Варя озадаченно замолчала, осмысливая услышанное, однако сбить с толку ее было не так-то просто. Она вступила как раз в тот самый счастливый возраст, когда девушка может позволить себе разговаривать с мужчинами на равных, интуитивно понимая, что ее молодость, привлекательность с избытком искупают наивность, отсутствие опыта жизни, даже сказанную глупость.
— Я слышала об уме и другое: «Не многие умы гибнут от износа, большей частью они ржавеют от не употребления», — с обезоруживающей улыбкой произ несла она. — Я и папа считаем вас личностью, но ни мне, ни ему бегать не хочется.

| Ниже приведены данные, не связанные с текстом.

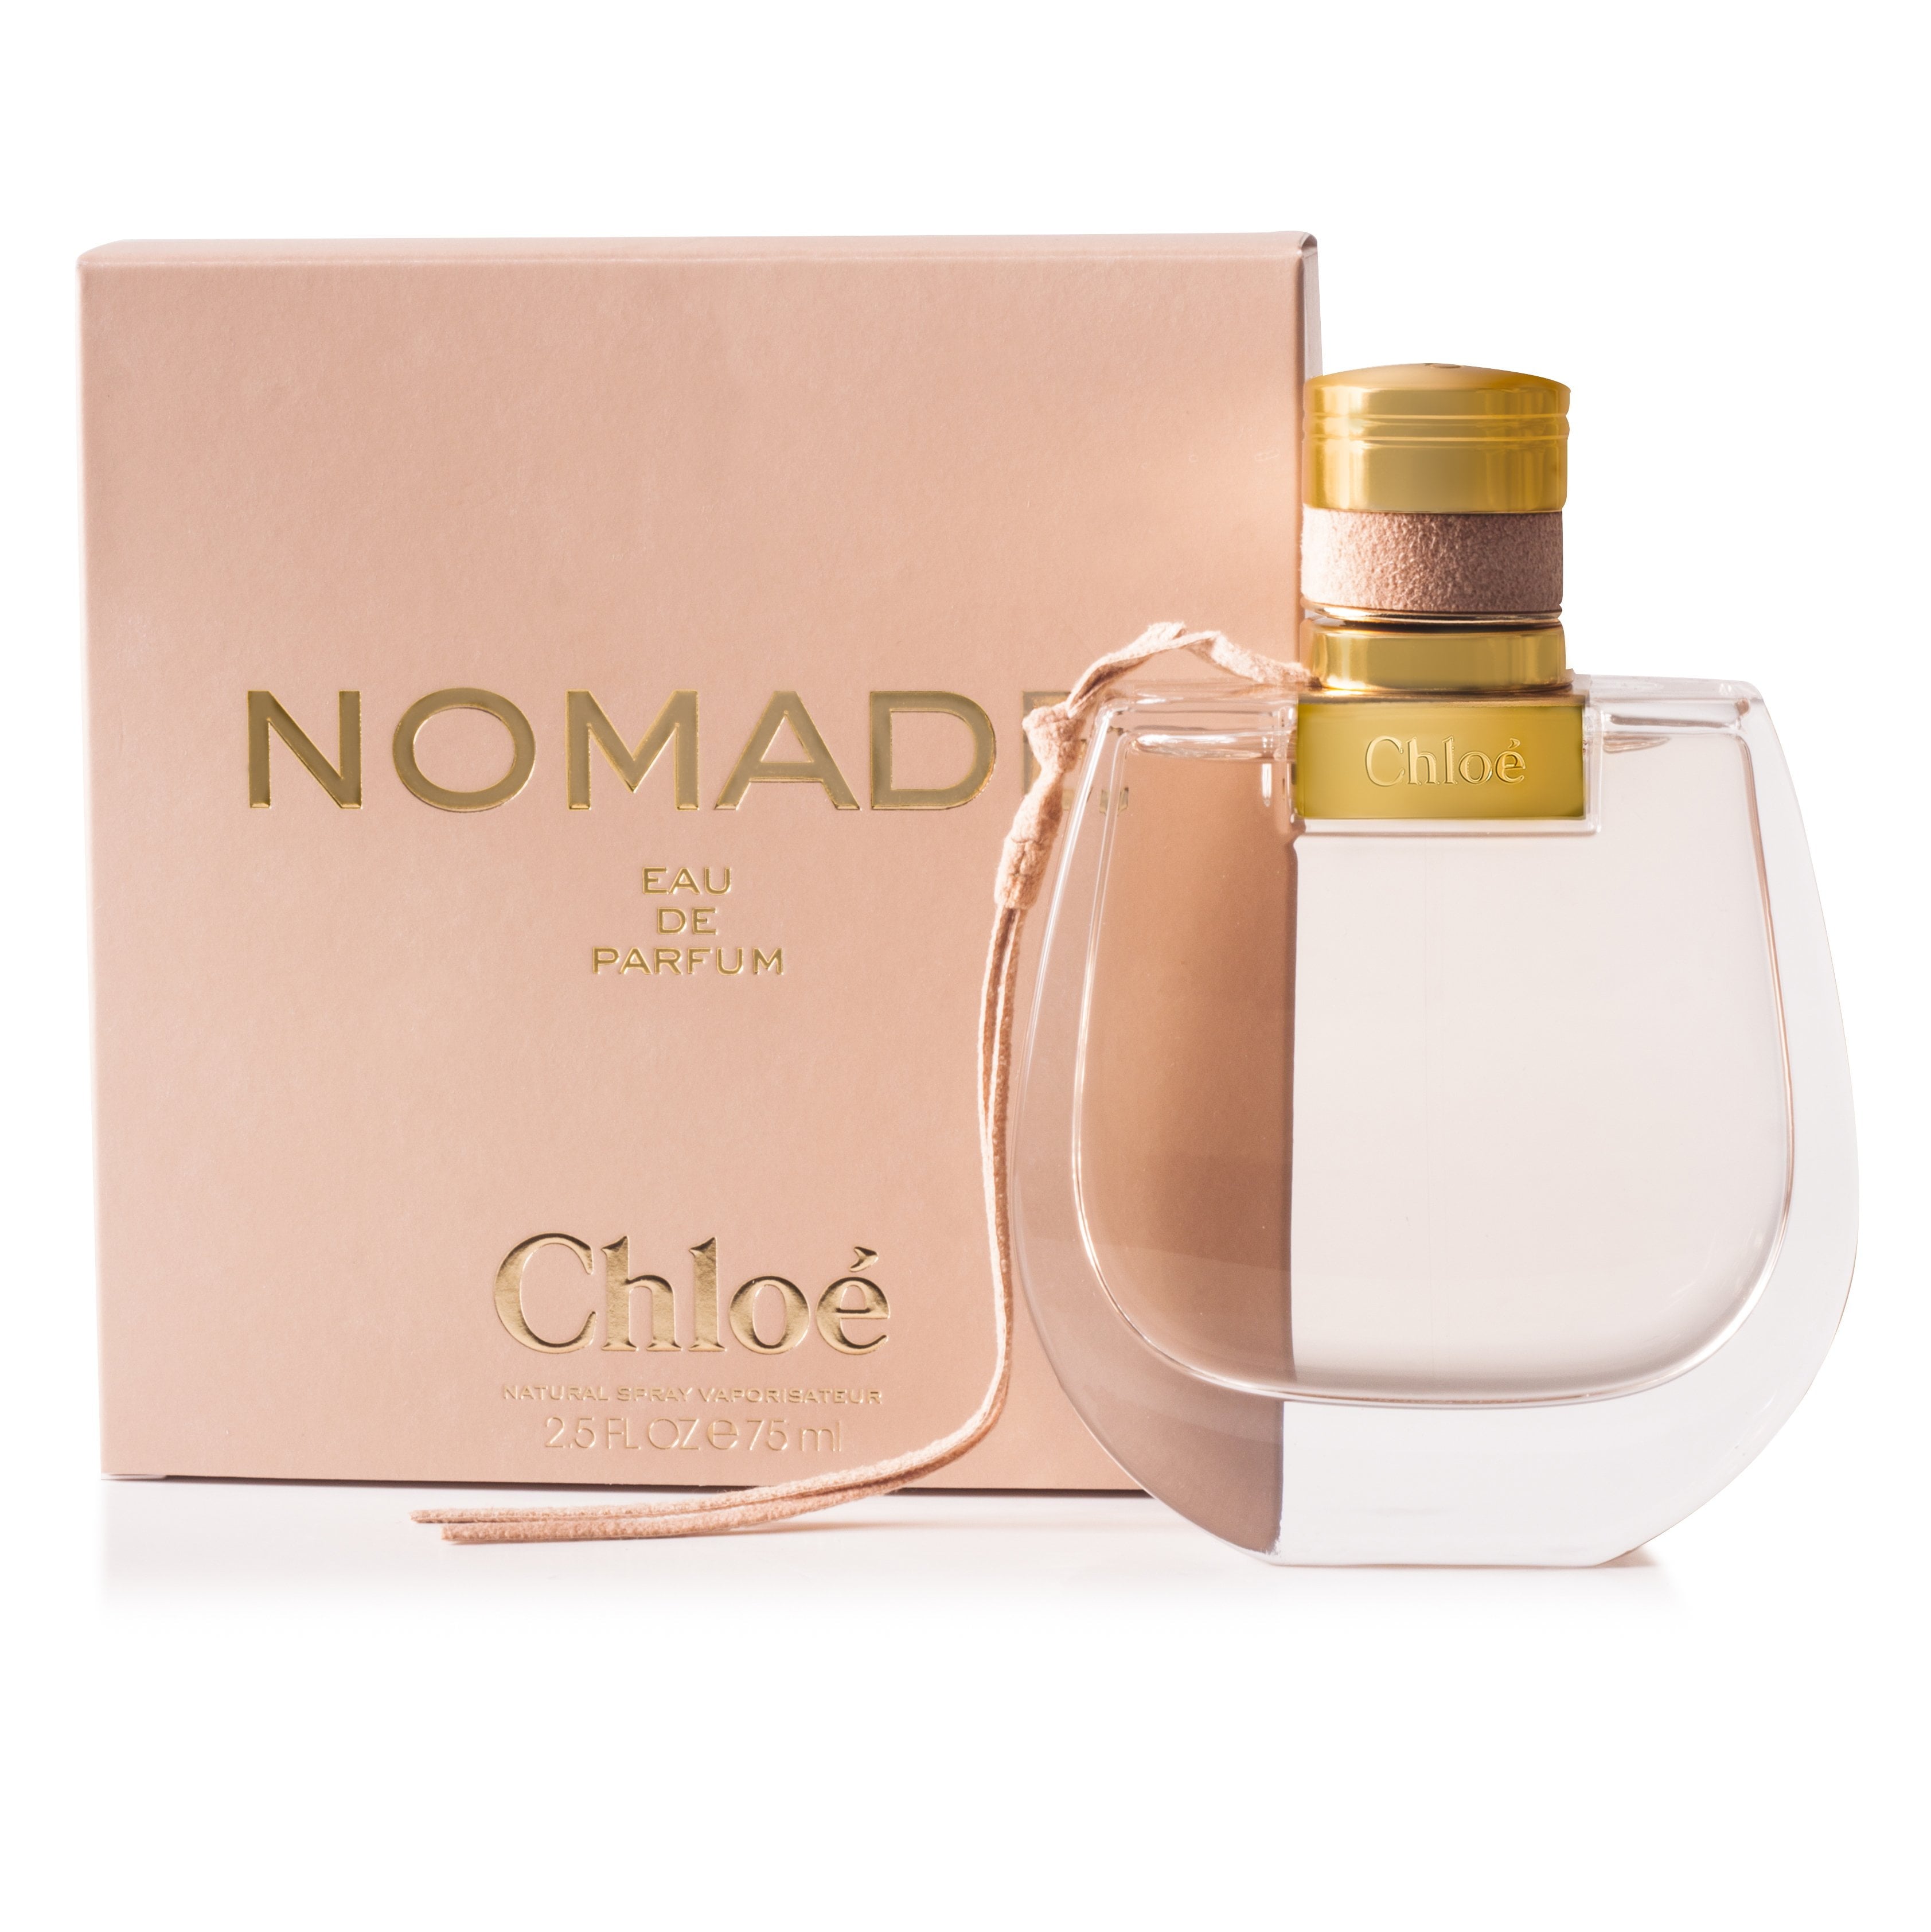 Chloé Nomade Type for women

— Мне хочется, — сказал я, бросив на Варю уничтожающий взгляд: ну чего прицепилась? — Хочется поскорее убежать от тебя, несносная девчонка!
— Это естественно, — невозмутимо ответила Ва ря. — Поле брани всегда первыми покидают побежден ные!
— Варя, ты — личность! — рассмеялся Анатолий Павлович. — Тебе совсем не обязательно бегать.
— Я буду учиться летать, — провожая взглядом чайку, сказала Варя. — Летают же люди во сне? Почему бы им не полететь и наяву?
— Полетай, а мы выкупаемся, — сказал я.
Мы долго бредем по мелководью, на заливе всегда так: идешь-идешь, а вода чуть выше колен. Чем дальше от берега, тем она прохладнее. Варя осталась на берегу. Все так же лежит на спине и смотрит в небо.
— Давно ли бегала в школу, как мои девчонки, и вот невеста, — сказал Анатолий Павлович.
— Читает Горация, Вергилия, Цицерона, — не удержался и похвастался я.
— Радуйся, что дочь растет умной.
— Я и радуюсь…
— Не могу вспомнить, чью она цитату привела об уме?
— Чего на меня уставился? — усмехнулся я. — Думаешь, я знаю?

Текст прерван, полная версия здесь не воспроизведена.